Coefficient Strength from Logistic Regression Model
Updated:

I came back to this a bit later than I hoped to but made some additional progress. I did some more hyperparameter tuning with additional models, and switched from optimizing on accuracy to F1 score. This is a better metric for this problem because we are really concern with identifying those that might churn with high likelihood. If we wanted to make this even stronger we could put some extra penalty in the scoring function for false negatives. Let’s go into this idea a bit more.
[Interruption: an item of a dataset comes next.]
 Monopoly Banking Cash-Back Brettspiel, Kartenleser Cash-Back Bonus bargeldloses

We can see the importance of this visually with a confusion matrix:

Confusion matrix on validation data

In the confusion matrix, the numbers in the top left and bottom right are the ones we are predicting correctly. The bottom left are ones we predicted would stay with the company but are actually about to leave. The top right are customers that we think are going to leave, but are actually going to stay. However, it is worse for us (probably) to predict someone is going to stay and they end up leaving, than for us to incorrectly identify someone who is going to stay as someone who is going to leave. Therefore, our priority should be shrinking the number in the bottom left (false negatives) over the top right (false positives).
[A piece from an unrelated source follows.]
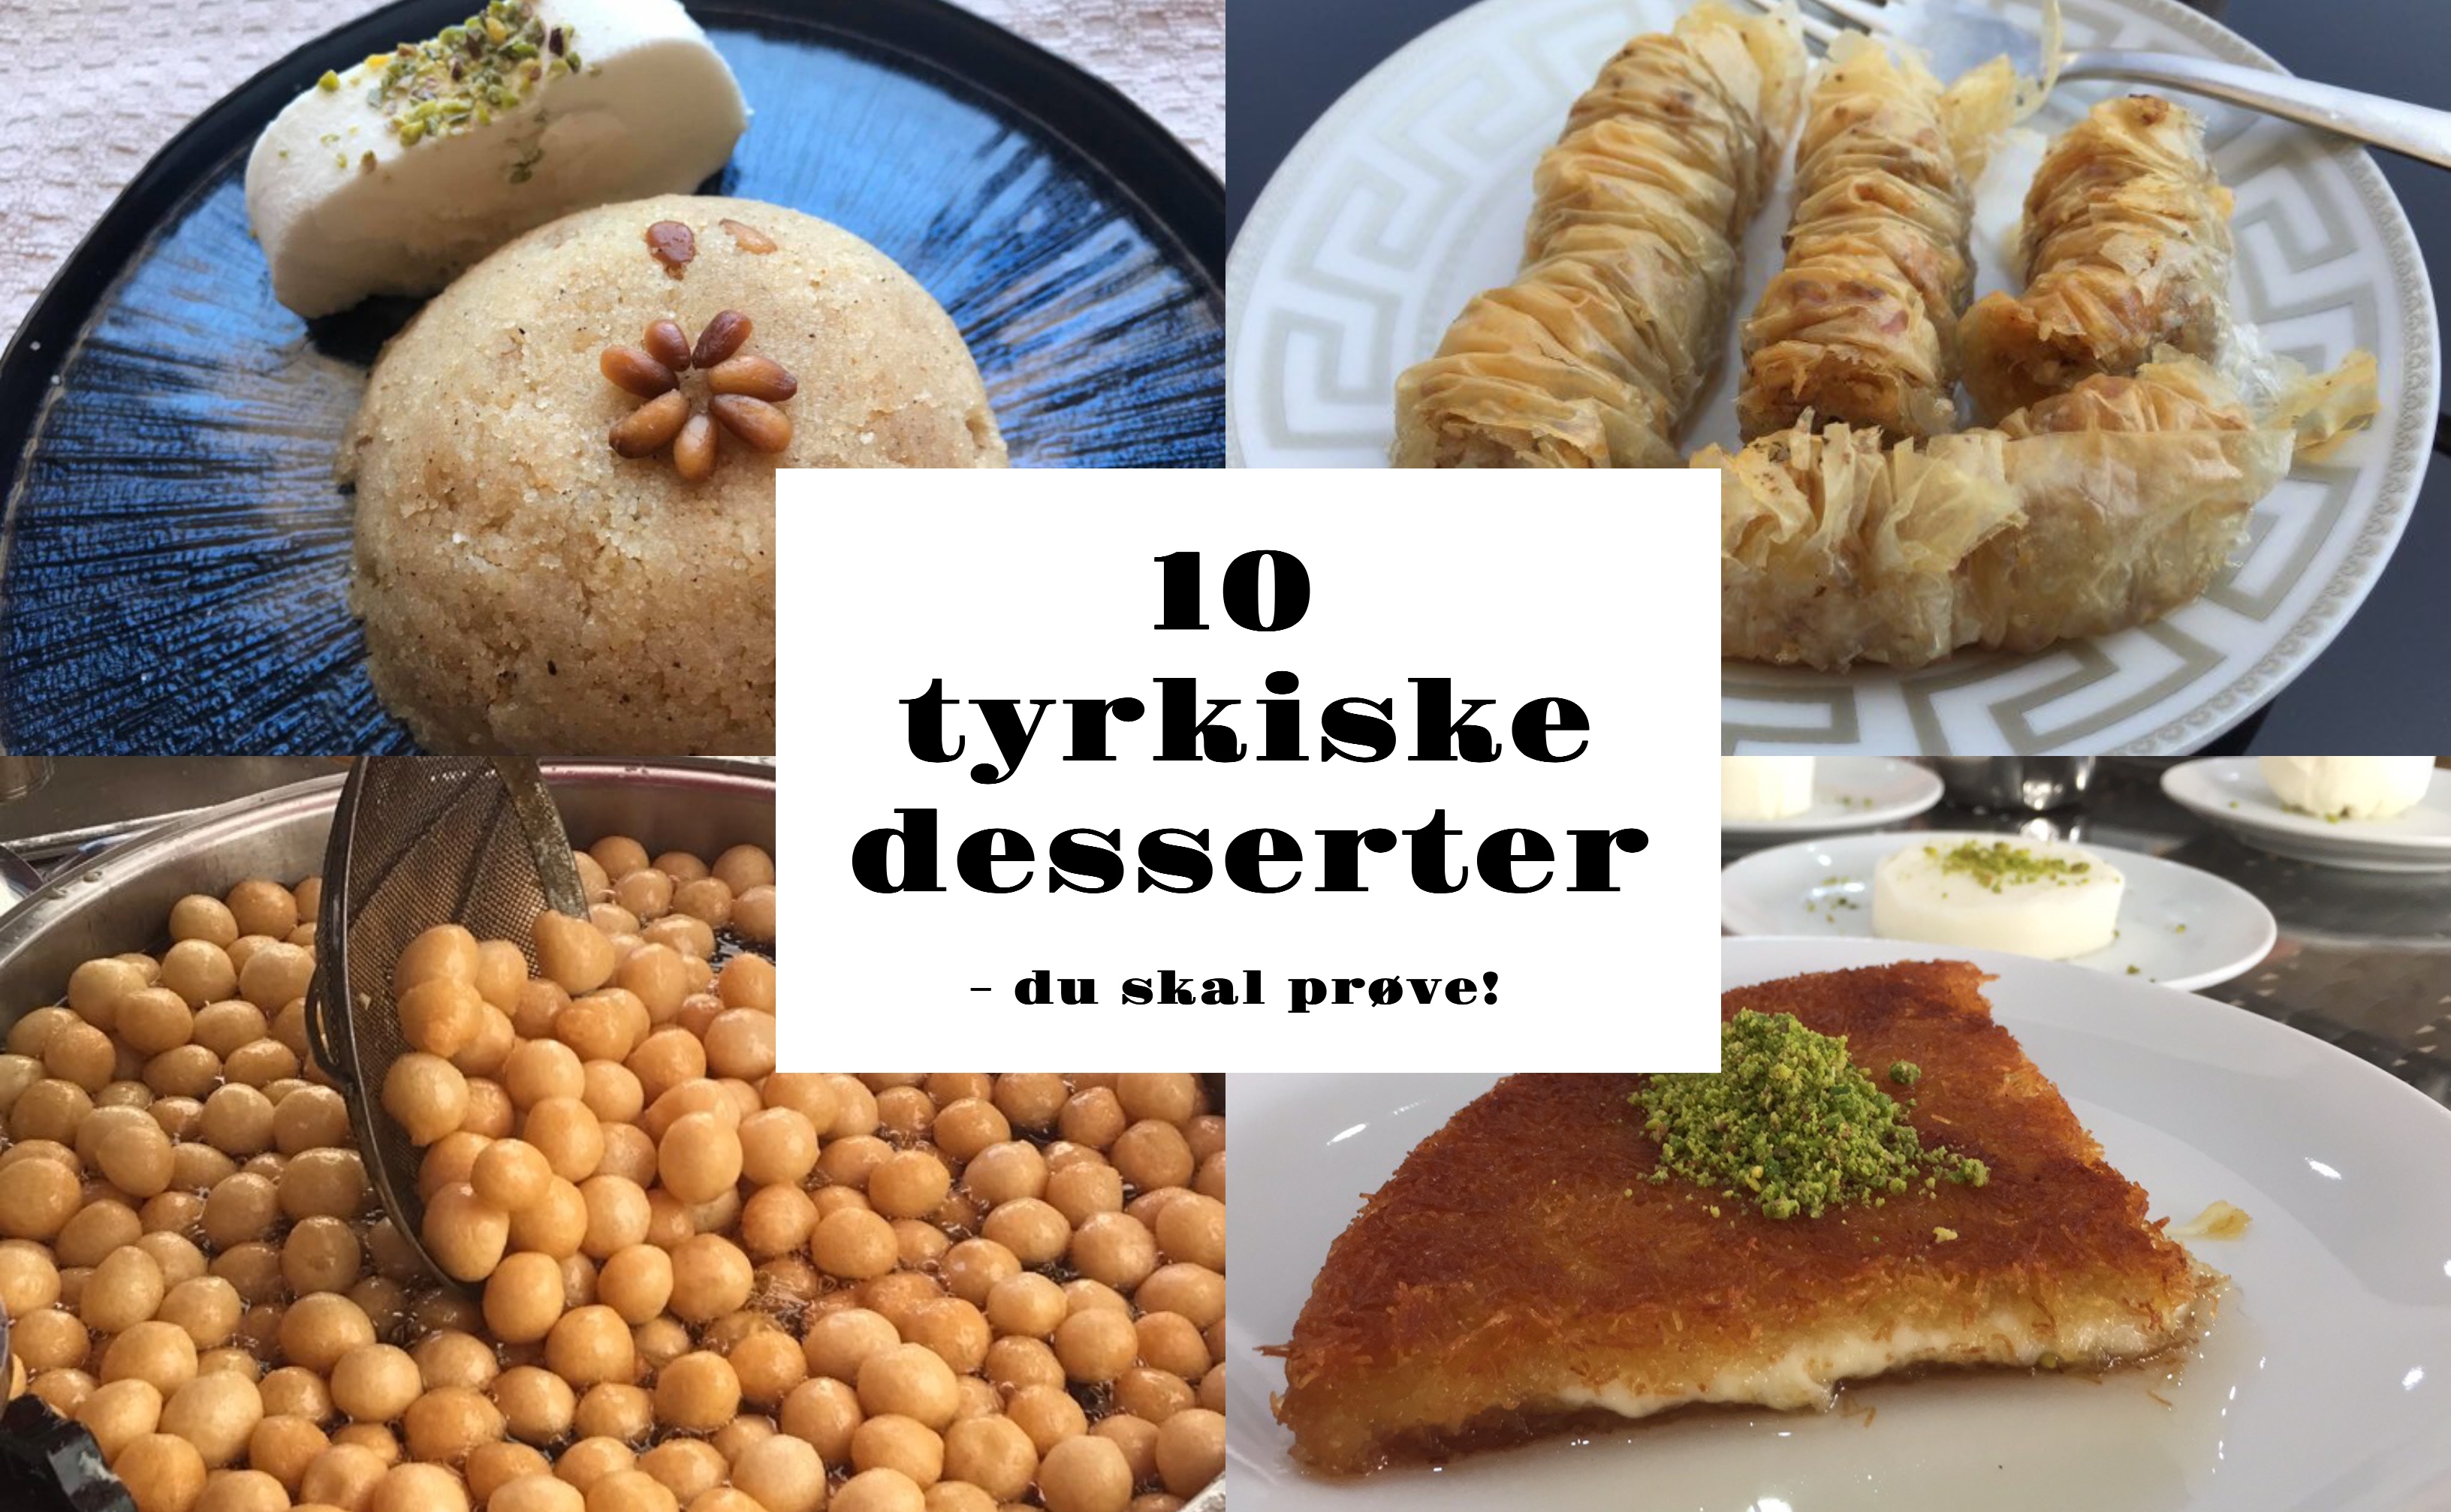 tyrkiske desserter, tyrkisk kage, tyrkiske desserter, desserter i tyrkiet, tyrkisk ostekage, tyrkisk baklava, tyrkisk is, tyrkisk sandkage, tyrkiske opskrifter, tyrkiske madopskrifter, det tyrkiske køkken, dansk i tyrkiet, tyrkiet blogger

Say we took 1000 customers as an example. Of those 1000, we would expect around 270 to leave our company soon. We want to identify these 270 so that we can intervene to hopefully convince them to stay. Our current model can identify about half of these 270 (135) as those that will likely leave. Unforuntately, that means we’re missing about 135 customers that should have some follow-up to convince them to stay. Adding in greater penalization for these false positives could help us shrink this 135 so that we can keep these customers on board.

Other improvements:

I added some nice colours to the final model’s coefficient plot above.
Additional models like XGBClassifier
Hyperparameter implementation

Original post:
Just a quick post after a half day project today.

I started the day by downloading a dataset on customer churn from Kaggle: https://www.kaggle.com/blastchar/telco-customer-churn

I was able to test out some different models (logistic regression, random forest, neural net) and will get to the hyperparameter optimization on a later day.

Random Forest and SVM are SEVERLY overfitting to the training data.

Model type	train_error	test_error
dummy (stratified)	0.3826	0.403
Logistic regression	0.1935	0.2068
RBF SVM	0.0704	0.2281
random forest	0.0145	0.2161
neural net	0.192	0.2104

After that, I made a quick visual for the interepretation side of the results (see above). It’s not helpful to predict churn if we can’t do anything about it, or know what to do about it. Clearly, customers in long-term contracts (1-2 years) are highly unlikely to leave. I’m not sure what the connection between Fibre Optic Internet and Churn is but there is definitely some strong correlations here. Would be interesting to look into this more another day.

You can find my ongoing work on this mini-project here.

Challenges to further improvements:

The dataset is fairly limited on who the customers are. Other personal features (employment type, age, etc.) would help in prediction of churn here

Written on February 3, 2020